Decía San Ambrosio: "Aquel que envió sin oro a los 12 Apóstoles fundó también la Iglesia sin oro. La Iglesia posee oro no para tenerlo guardado, sino para distribuirlo y socorrer a los necesitados. Pues ¿qué necesidad hay de reservar lo que, si se guarda, no es útil para nada? ¿No es mejor que, si no hay otros recursos, los sacerdotes fundan el oro para sustento de los pobres, que no que se apoderen de él sacrílegamente los enemigos? Acaso nos dirá el Señor: ` ¿Por qué habéis tolerado que tantos pobres murieran de hambre, cuando poseíais oro con el que procurar su alimento? ¿Por qué tantos esclavos han sido vendidos y maltratados por sus enemigos, sin que nadie los haya rescatado?' ¡Mejor hubiera sido conservar los tesoros vivientes que no los tesoros de metal!".

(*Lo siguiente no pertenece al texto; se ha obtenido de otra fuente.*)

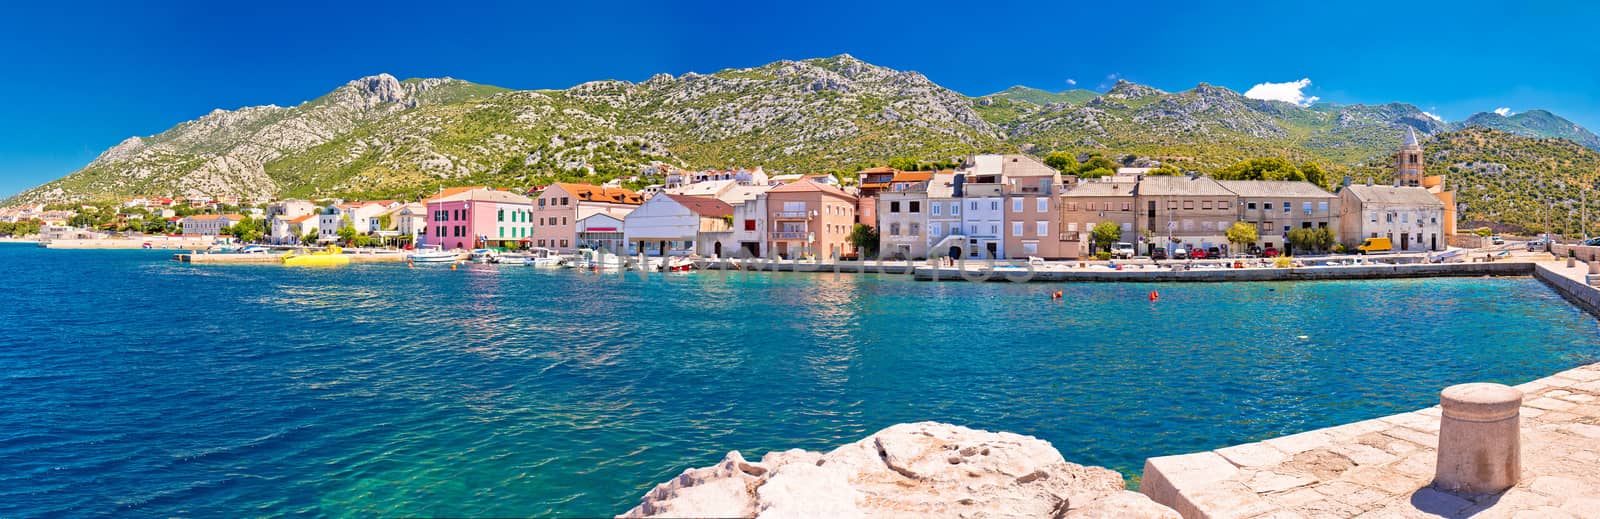 Town of Karlobag in Velebit channel panoramic view, coast of Croatia

La Iglesia está para solidarizarse con las esperanzas y gozos, con las angustias y tristezas de los hombres. La Iglesia es, como Jesús, para "evangelizar a los pobres y levantar a los oprimidos, para buscar y salvar lo que estaba perdido". Y para decirlo de una vez y en una palabra que resume y concreta todo: el mundo al que debe servir la Iglesia es para nosotros preferentemente el mundo de los pobres.

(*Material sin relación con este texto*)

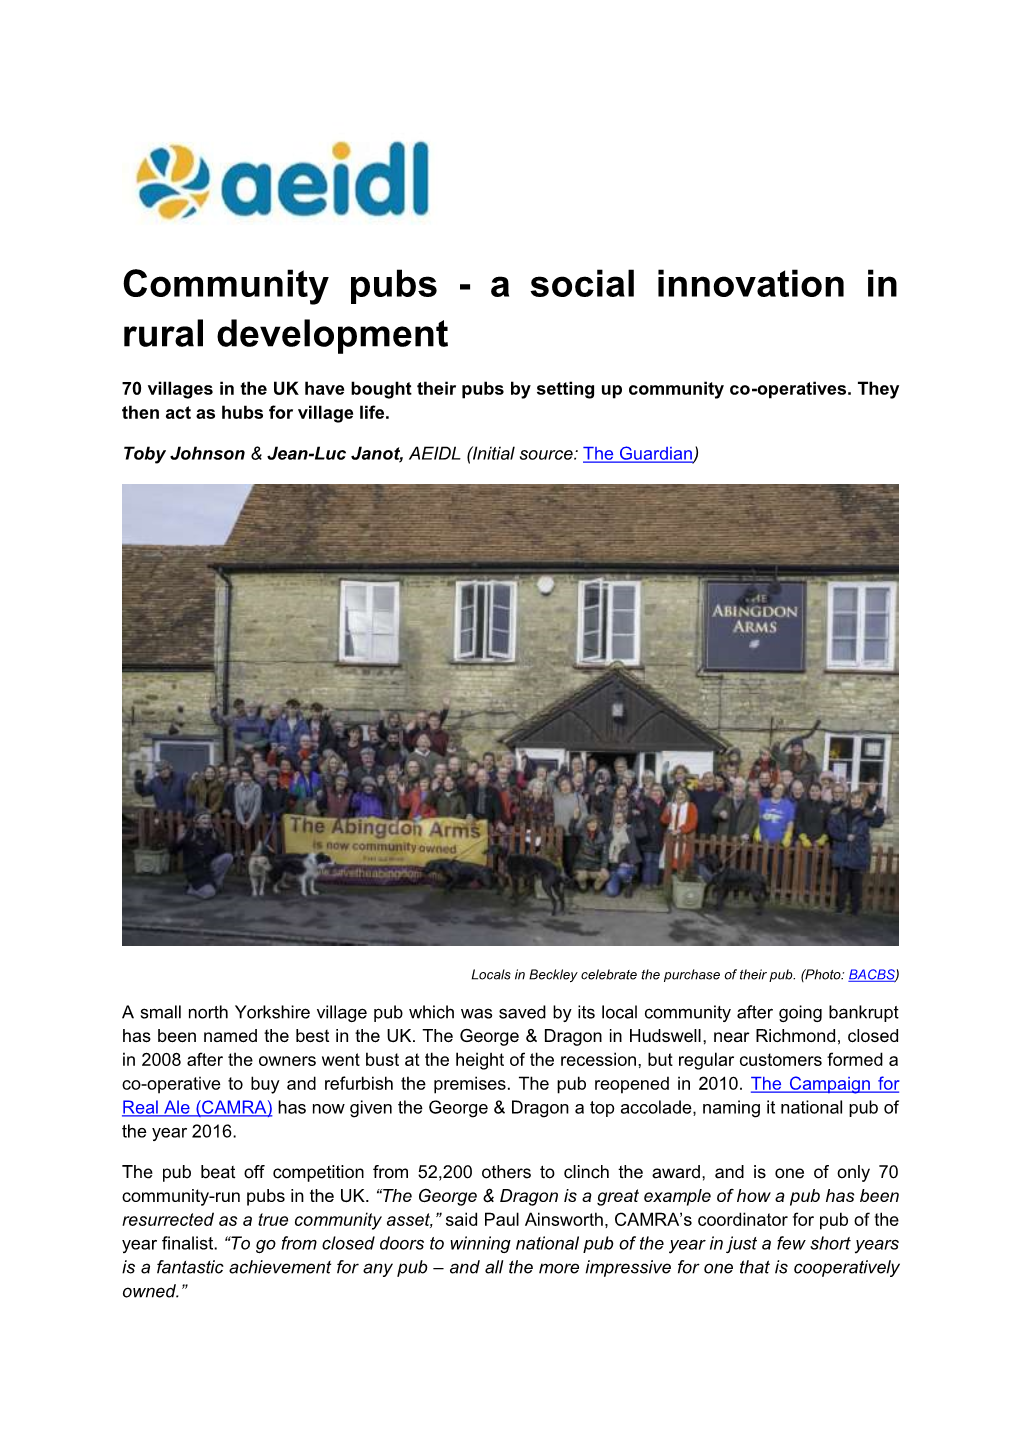 Community Pubs - a Social Innovation in Rural Development

En la Encíclica Dives in misericordia escribe Juan Pablo II: "La Iglesia vive una vida auténtica cuando profesa y proclama la misericordia, el atributo más estupendo del Creador y Redentor". La autenticidad del hombre se manifiesta en su vida cuando el parecer y el obrar responden a la realidad de su propio ser. Pues bien: el Papa afirma que la vida de la Iglesia será auténtica "cuando profesa y proclama la misericordia"; es decir, cuando su actuación, que la identifica socialmente mediante su actuación visible (profesa), y el mensaje que trasmite al mundo (proclama) corresponden a su propio ser (misericordia), como participación y prolongación del Dios-misericordia.

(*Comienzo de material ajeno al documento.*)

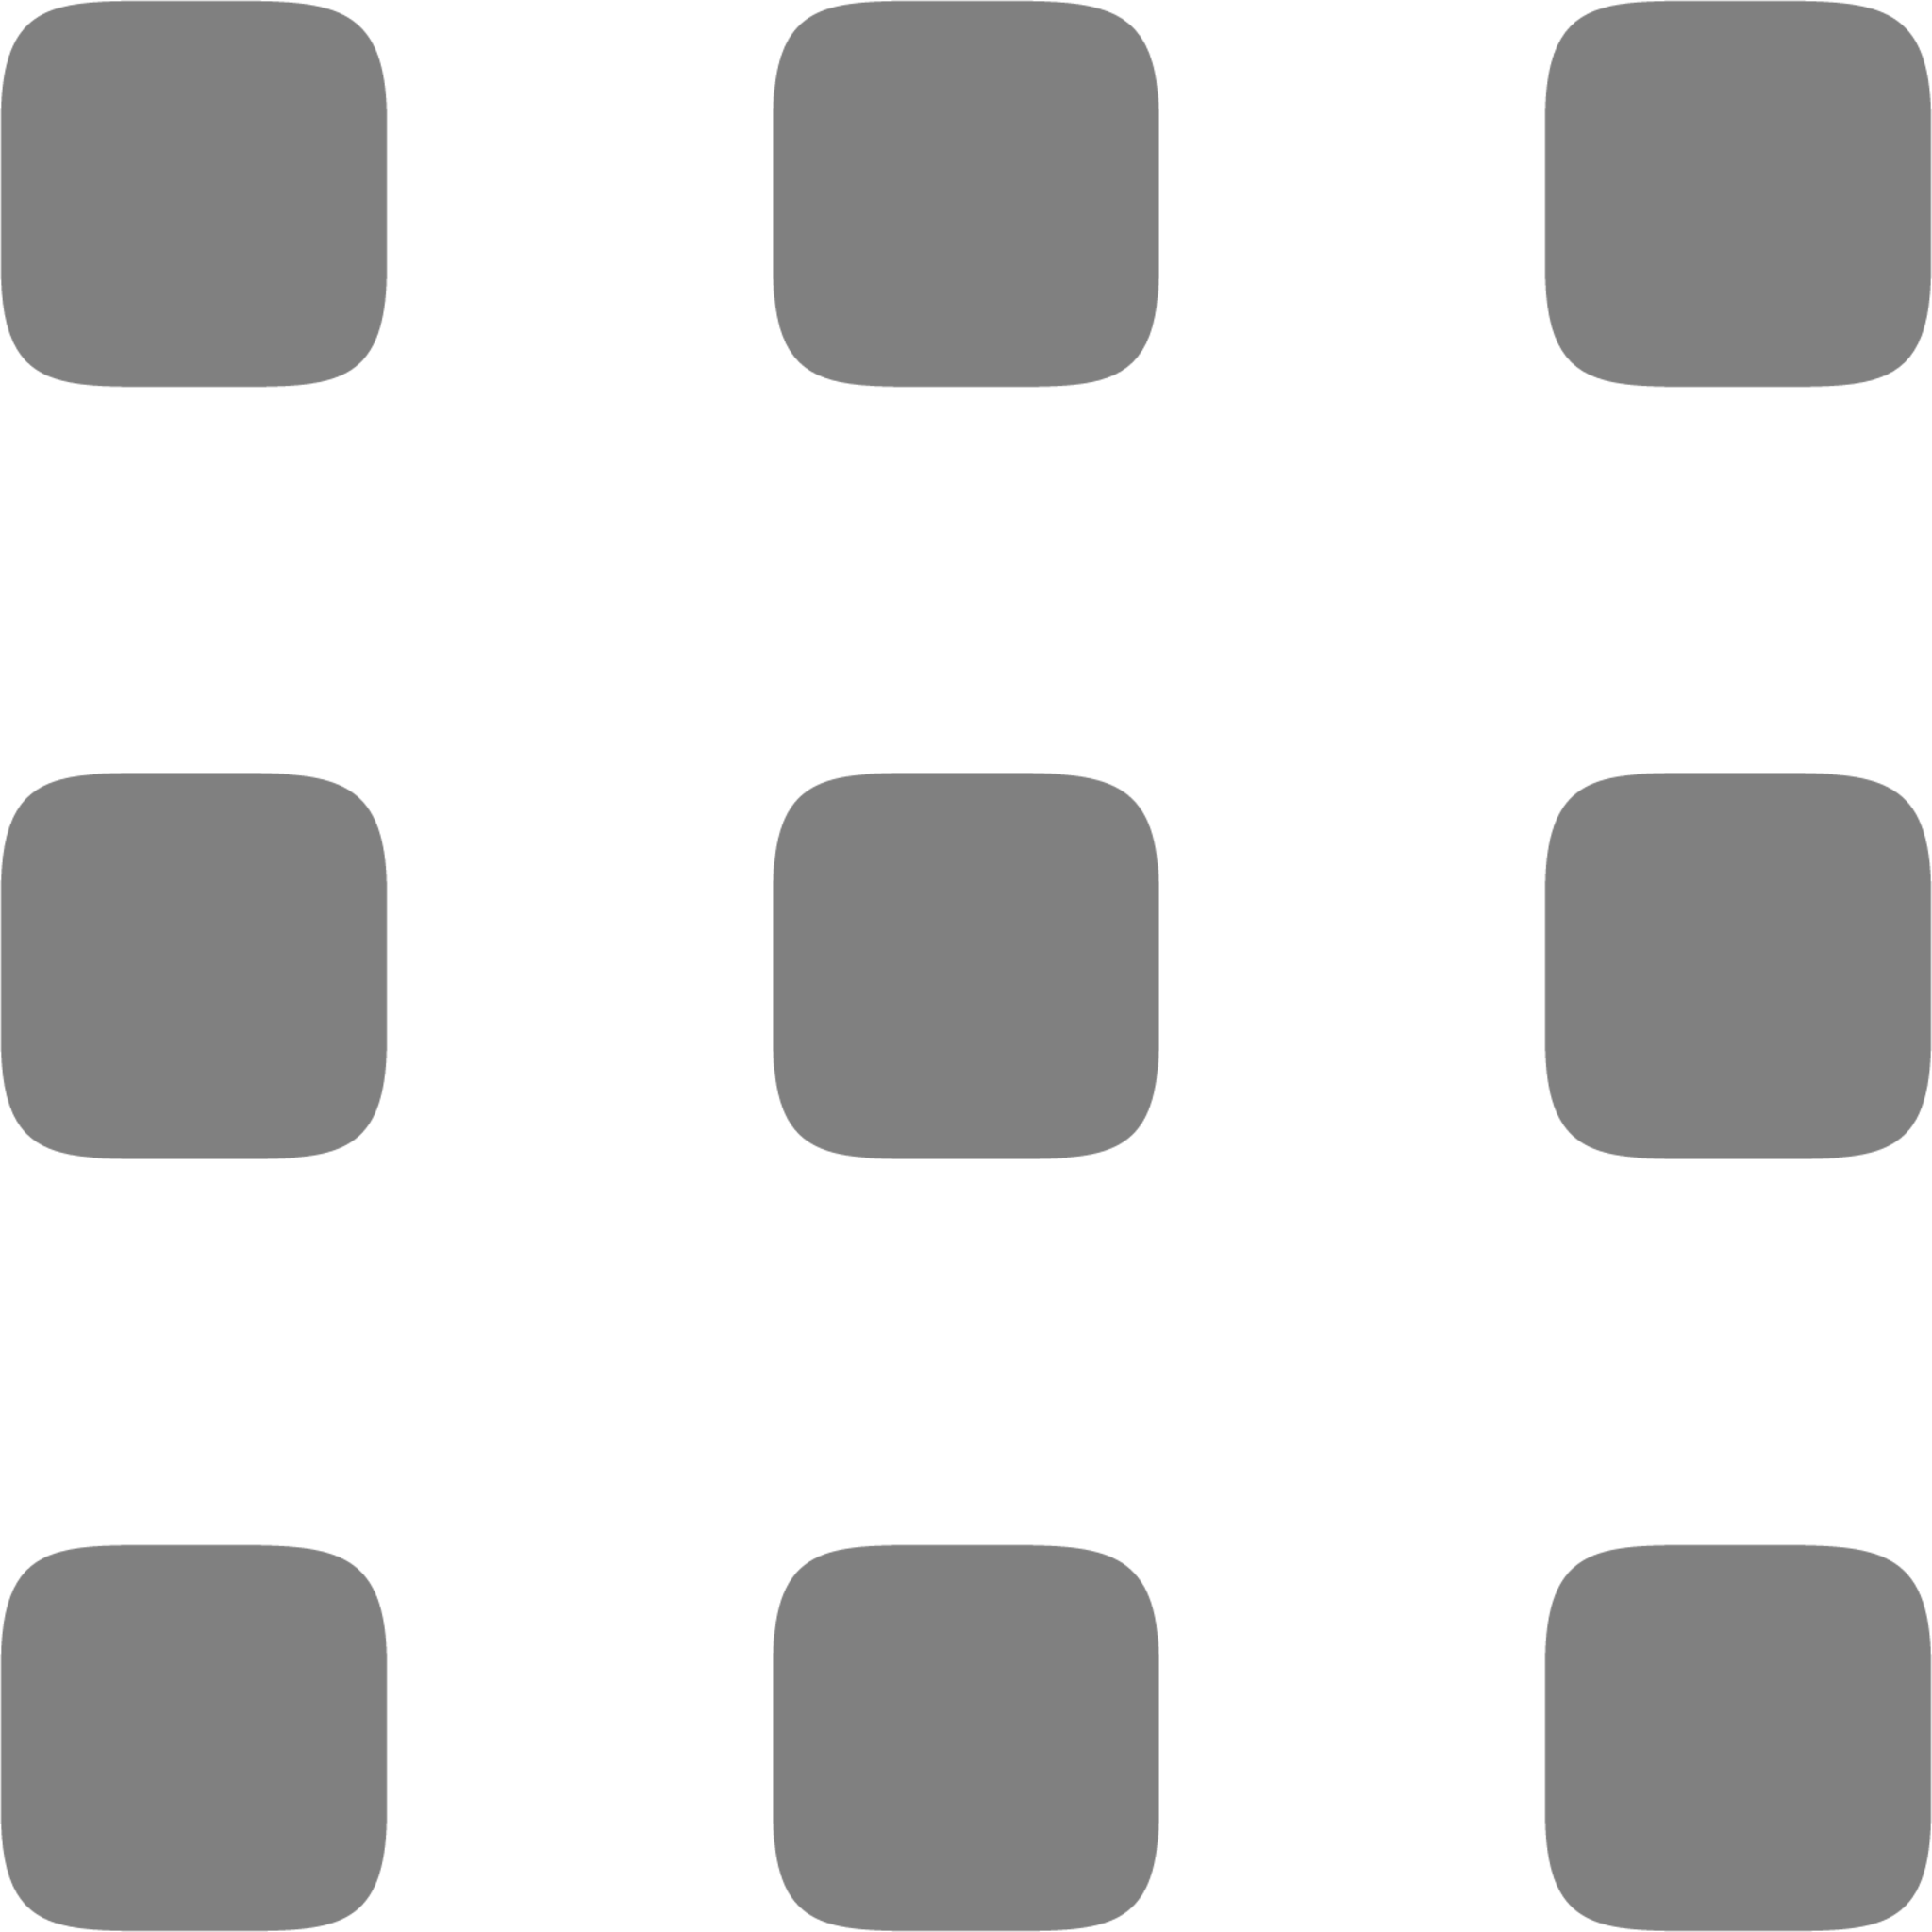 view app grid symbolic icon

Por tanto, la actuación, el mensaje y el ser de una Iglesia auténtica consiste en ser, aparecer y actuar como una Iglesia-misericordia; una Iglesia que siempre y en todo es, dice y ejercita el amor compasivo y misericordioso hacia el miserable y el perdido, para liberarle de su miseria y de su perdición. Solamente en esa Iglesia-misericordia puede revelarse el amor gratuito de Dios, que se ofrece y se entrega a quienes no tienen nada más que su pobreza.

Notemos, finalmente, que el Papa califica esa misericordia como el atributo más estupendo -que también podría traducirse como más grande- del Creador y Redentor. Creación y Redención son, en última instancia, igualmente obra del amor misericordioso de Dios. Por ello, la Iglesia-misericordia, que escucha y atiende el clamor de los pobres, revela en su vida lo más grande, lo más estupendo de Dios y de Cristo, tanto en la obra creadora como en la redentora.

Fragmento procedente del Documento “La Iglesia y los pobres” de la Comisión Episcopal de Pastoral Social de la Conferencia Episcopal Española.